To do - What is needed is an exact repeat of the lines from the one holding "Fondo Primavera álbum" through the final line of the data, with no pictures.

The data -
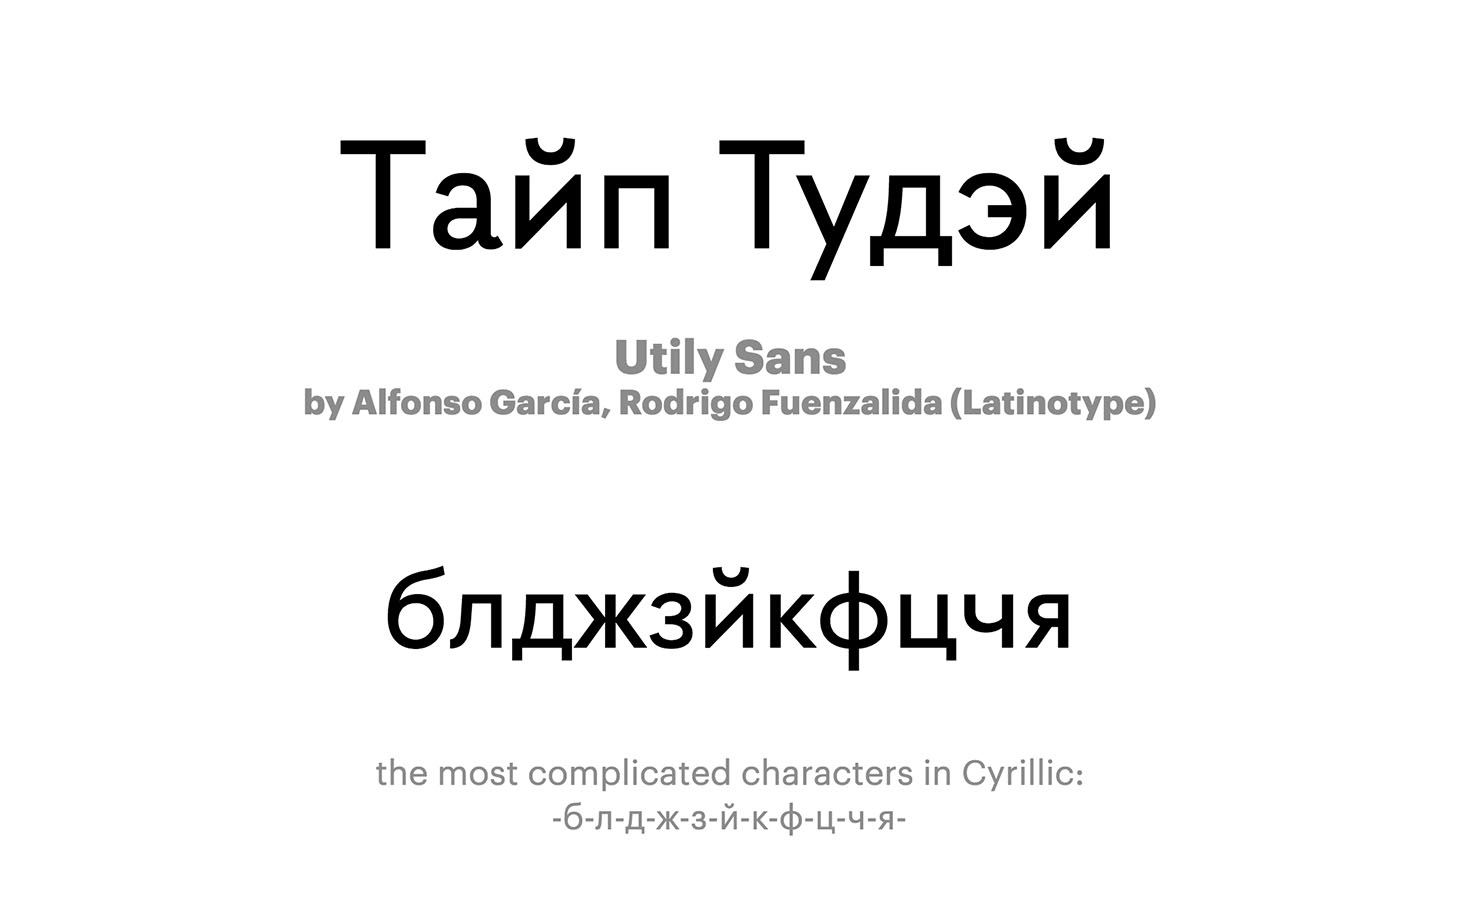 Utily-Sans
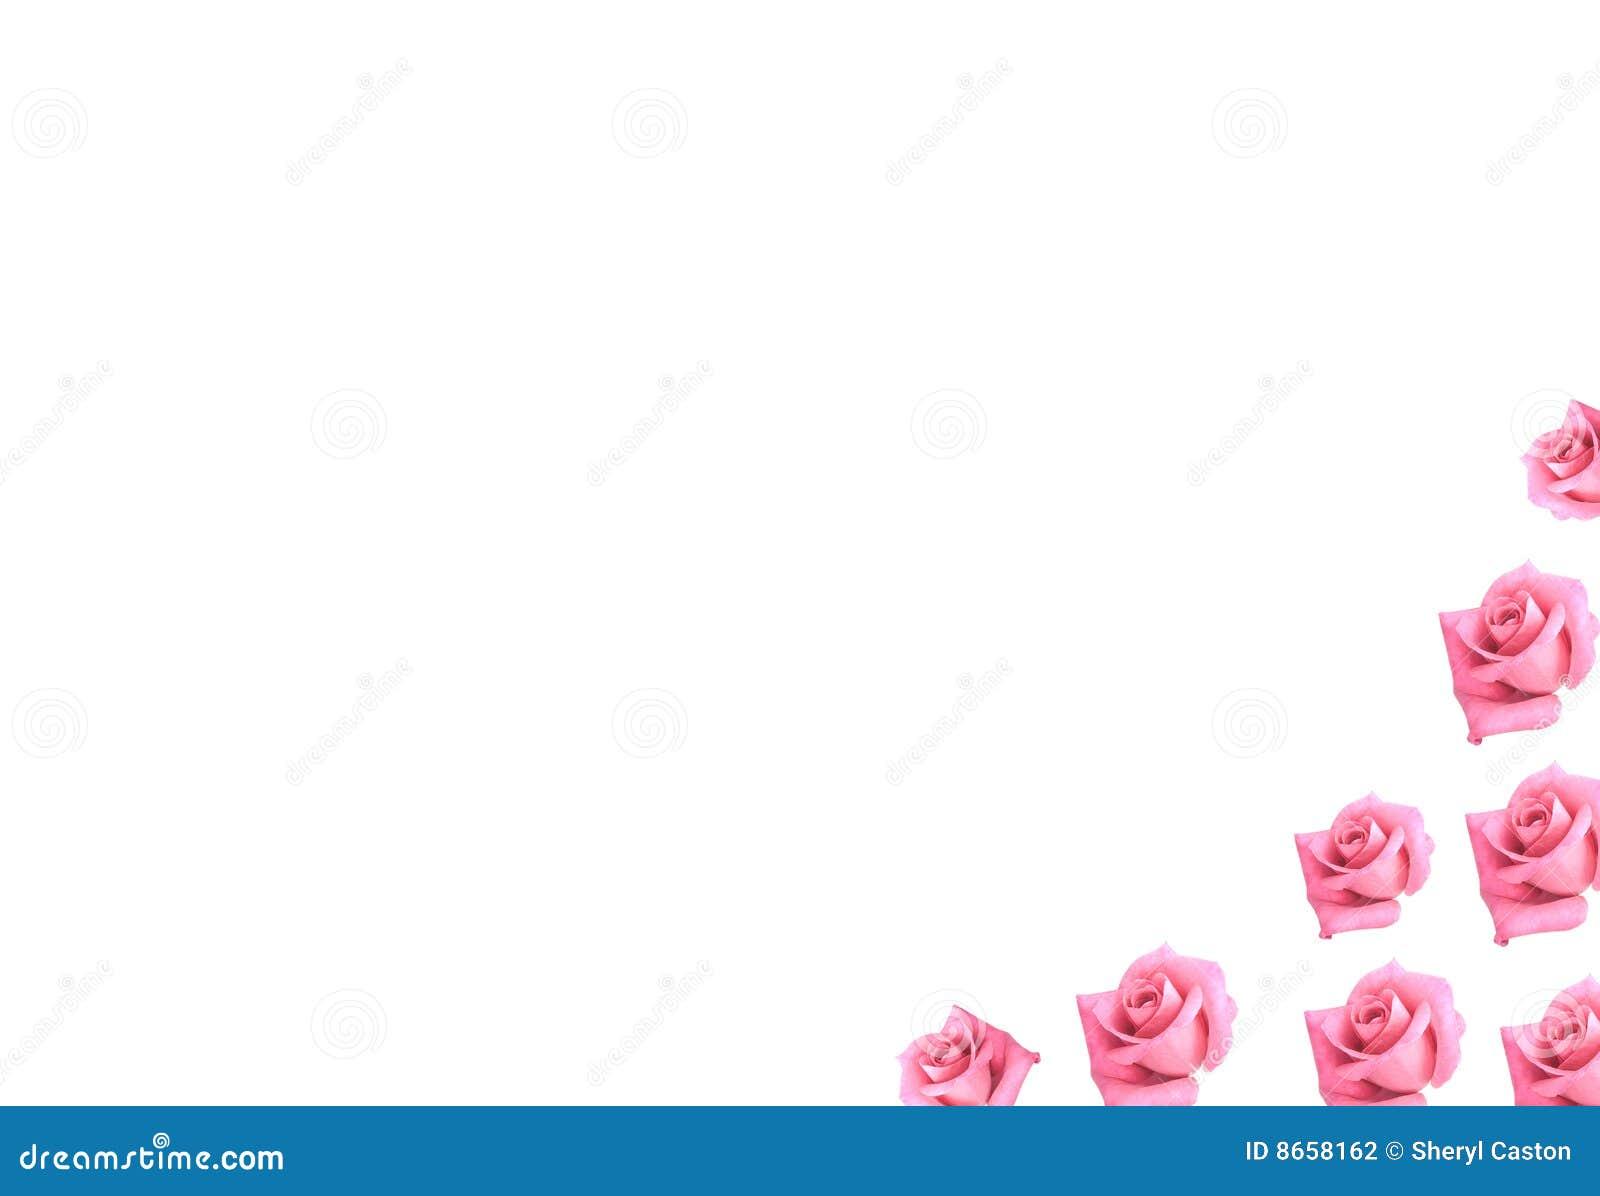 Fondo Primavera álbum Classic Flor Y Estrellas: Fundo Scrapbooking Da Beira Cor-de-rosa Das Flores Das
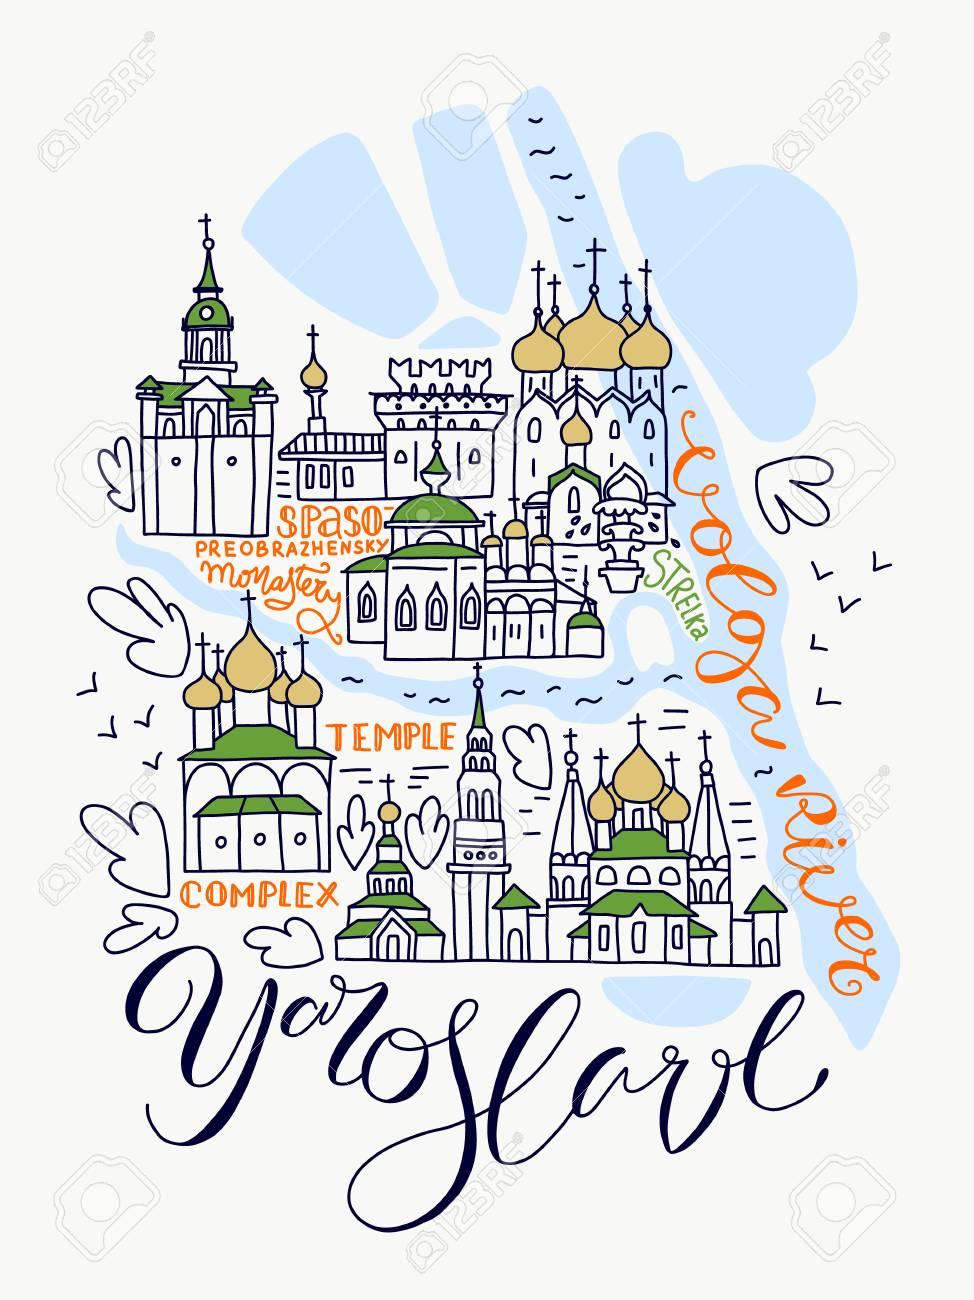 Yaroslavl city - part of Russia on elista russia map, tyumen russia map, mandrogi russia map, saint petersburg, yekaterinburg russia map, zagorsk russia map, altai krai russia map, simferopol russia map, astrakhan russia map, severomorsk russia map, sevastopol russia map, samarkand russia map, uglich russia map, tallinn russia map, murmansk russia map, lokomotiv yaroslavl, lake baikal, nizhny novgorod, yurga russia map, tuva russia map, kalmykia russia map, krasnogorsk russia map, sarajevo russia map,

Answer for the task -
 Fondo Primavera álbum Classic Flor Y Estrellas: Fundo Scrapbooking Da Beira Cor-de-rosa Das Flores Das
 Yaroslavl city - part of Russia on elista russia map, tyumen russia map, mandrogi russia map, saint petersburg, yekaterinburg russia map, zagorsk russia map, altai krai russia map, simferopol russia map, astrakhan russia map, severomorsk russia map, sevastopol russia map, samarkand russia map, uglich russia map, tallinn russia map, murmansk russia map, lokomotiv yaroslavl, lake baikal, nizhny novgorod, yurga russia map, tuva russia map, kalmykia russia map, krasnogorsk russia map, sarajevo russia map,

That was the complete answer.